The World Health Organisation warned on Friday that a dire lack of new antibiotics was threatening efforts to curb the spread of drug-resistant bacteria, which kills tens of thousands of people each year. The UN health agency published two new reports revealing that there are few new effective antibiotics in the pipeline, meaning that the world is running out of options for fighting so-called superbugs.

“Never has the threat of antimicrobial resistance been more immediate and the need for solutions more urgent,” WHO chief Tedros Adhanom Ghebreyesus said in a statement.

“Numerous initiatives are underway to reduce resistance, but we also need countries and the pharmaceutical industry to step up and contribute with sustainable funding and innovative new medicines,” he said. Antibiotic resistance happens when bugs become immune to existing drugs, rendering minor injuries and common infections potentially deadly.

An estimated 33,000 people die in Europe every year from such drug-resistant bacteria, according to EU data, while the US estimates the death toll there is around 35,000.

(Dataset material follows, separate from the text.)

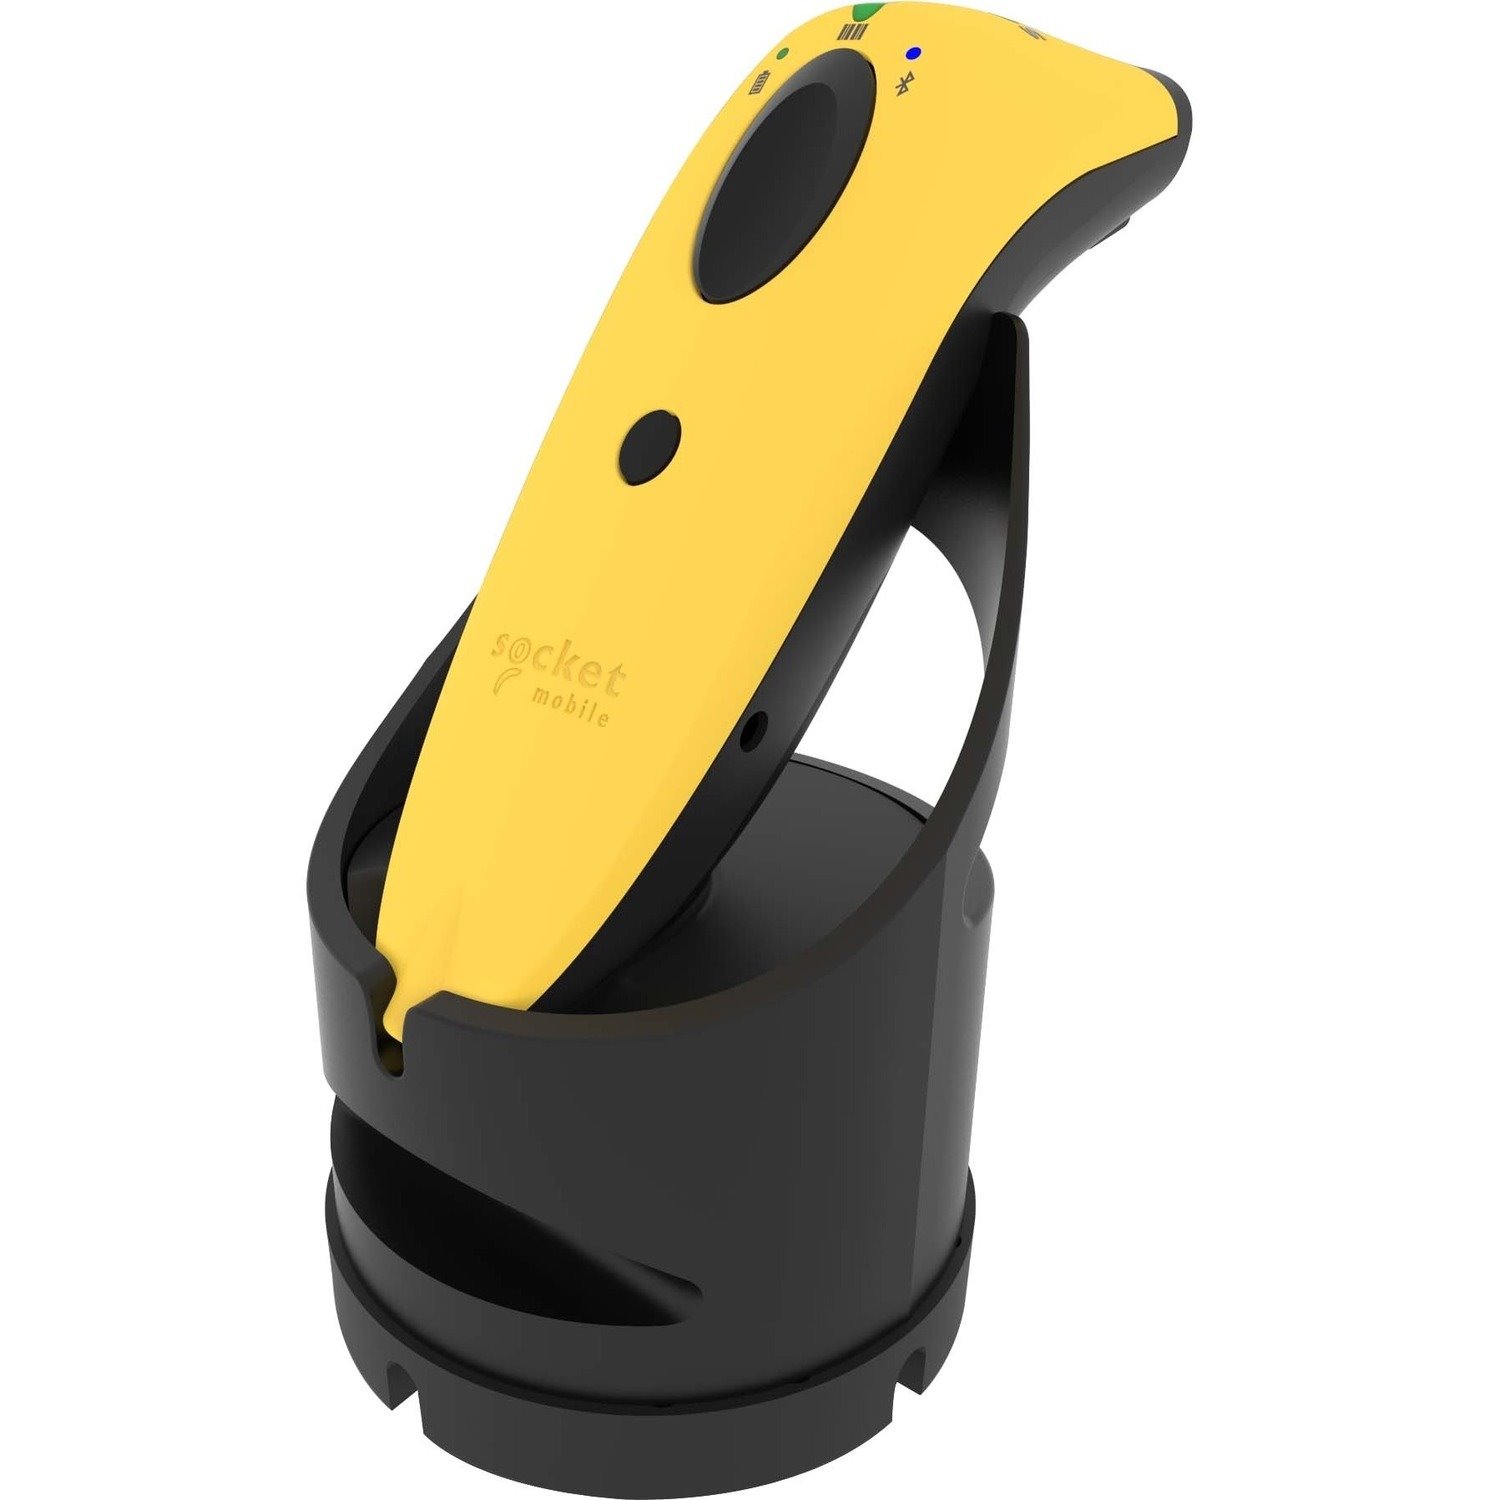 Socket Mobile SocketScan&reg; S730, Laser Barcode Scanner, Yellow & Black Charging Dock
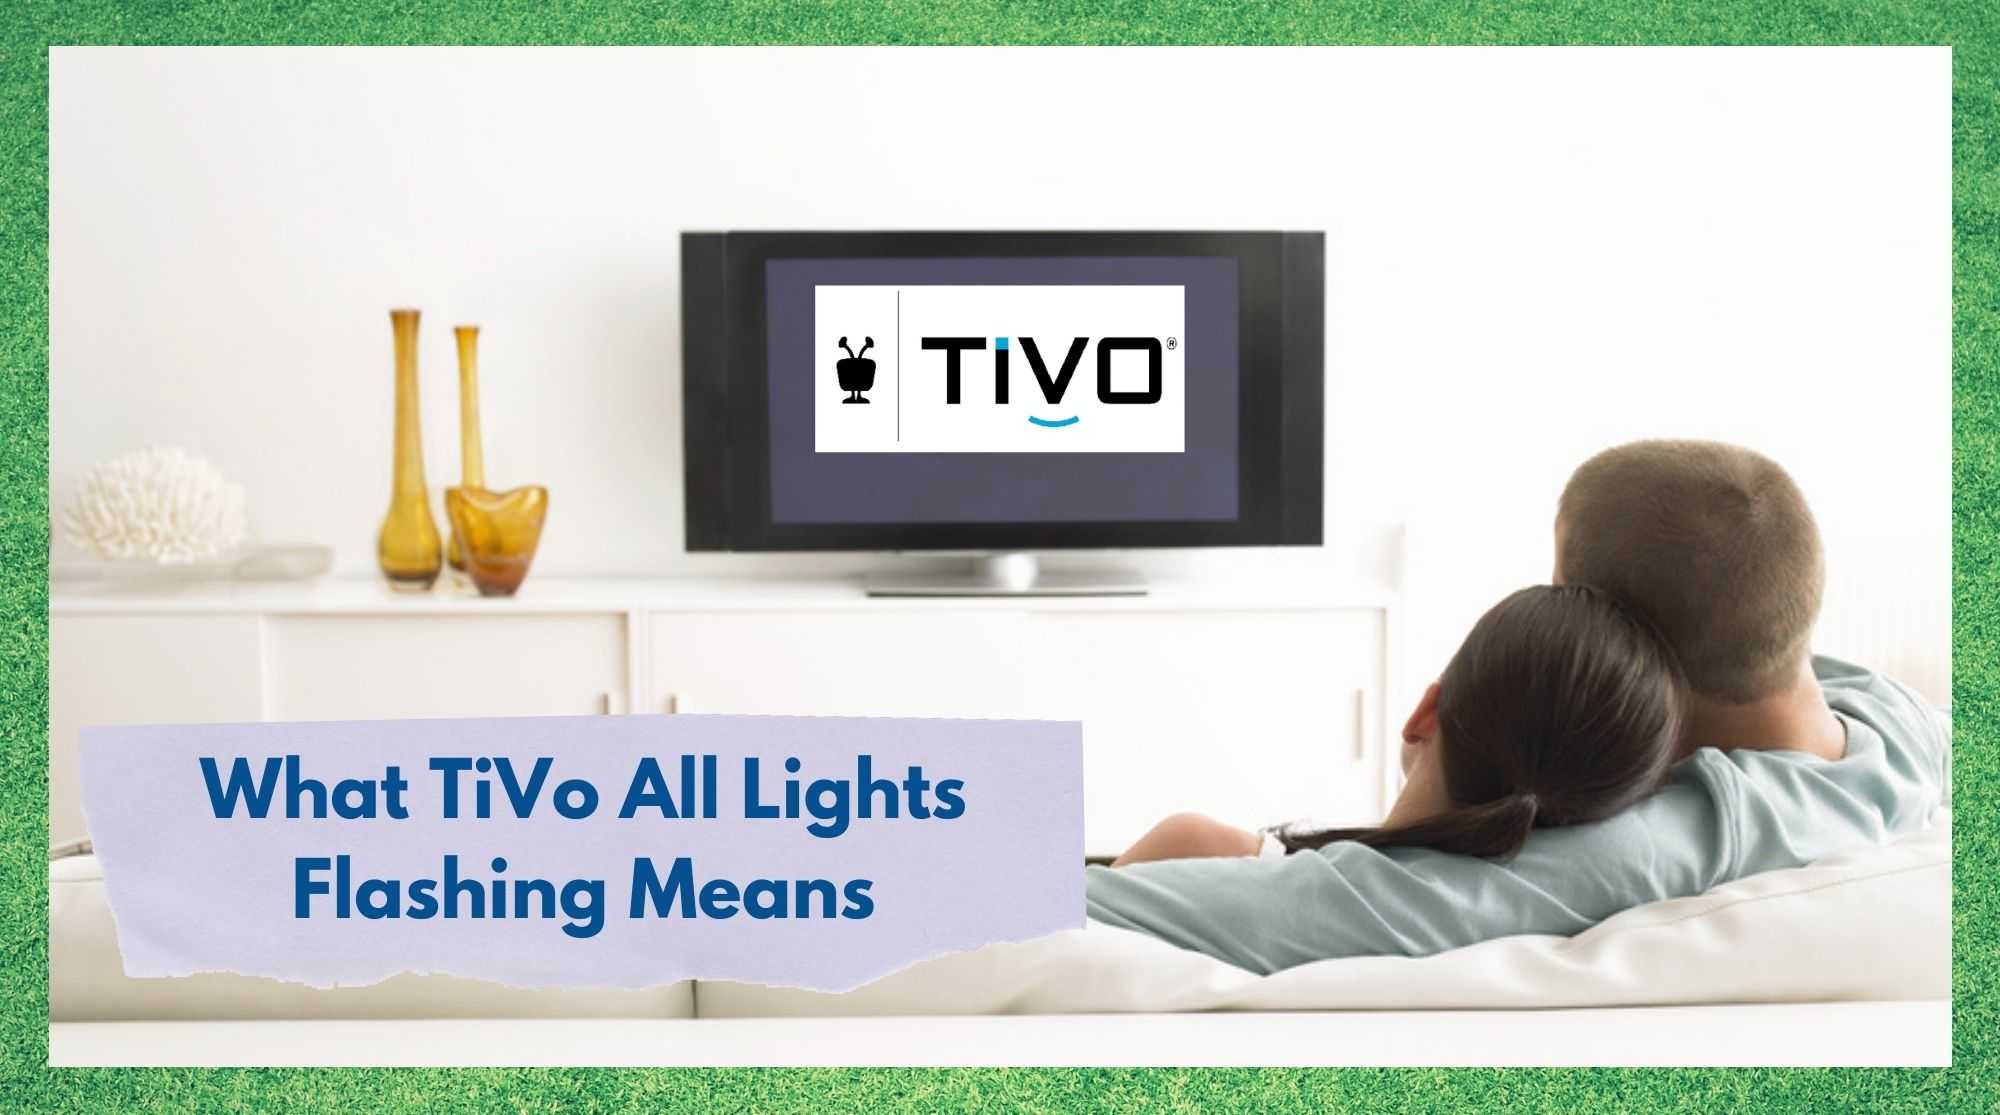 TiVoలో అన్ని లైట్లు మెరుస్తున్నాయి: సాధ్యమైన కారణాలు &amp; ఏం చేయాలి

“We see that this is spreading and we are running actually out of antibiotics that are effective against these resistant bacteria,” Peter Beyer, of WHO’s essential medicines division, told reporters in Geneva. “This is one of the biggest health threats that we have identified,” he said.

Discovered in the 1920s, antibiotics have saved tens of millions of lives by defeating bacterial diseases such as pneumonia, tuberculosis and meningitis.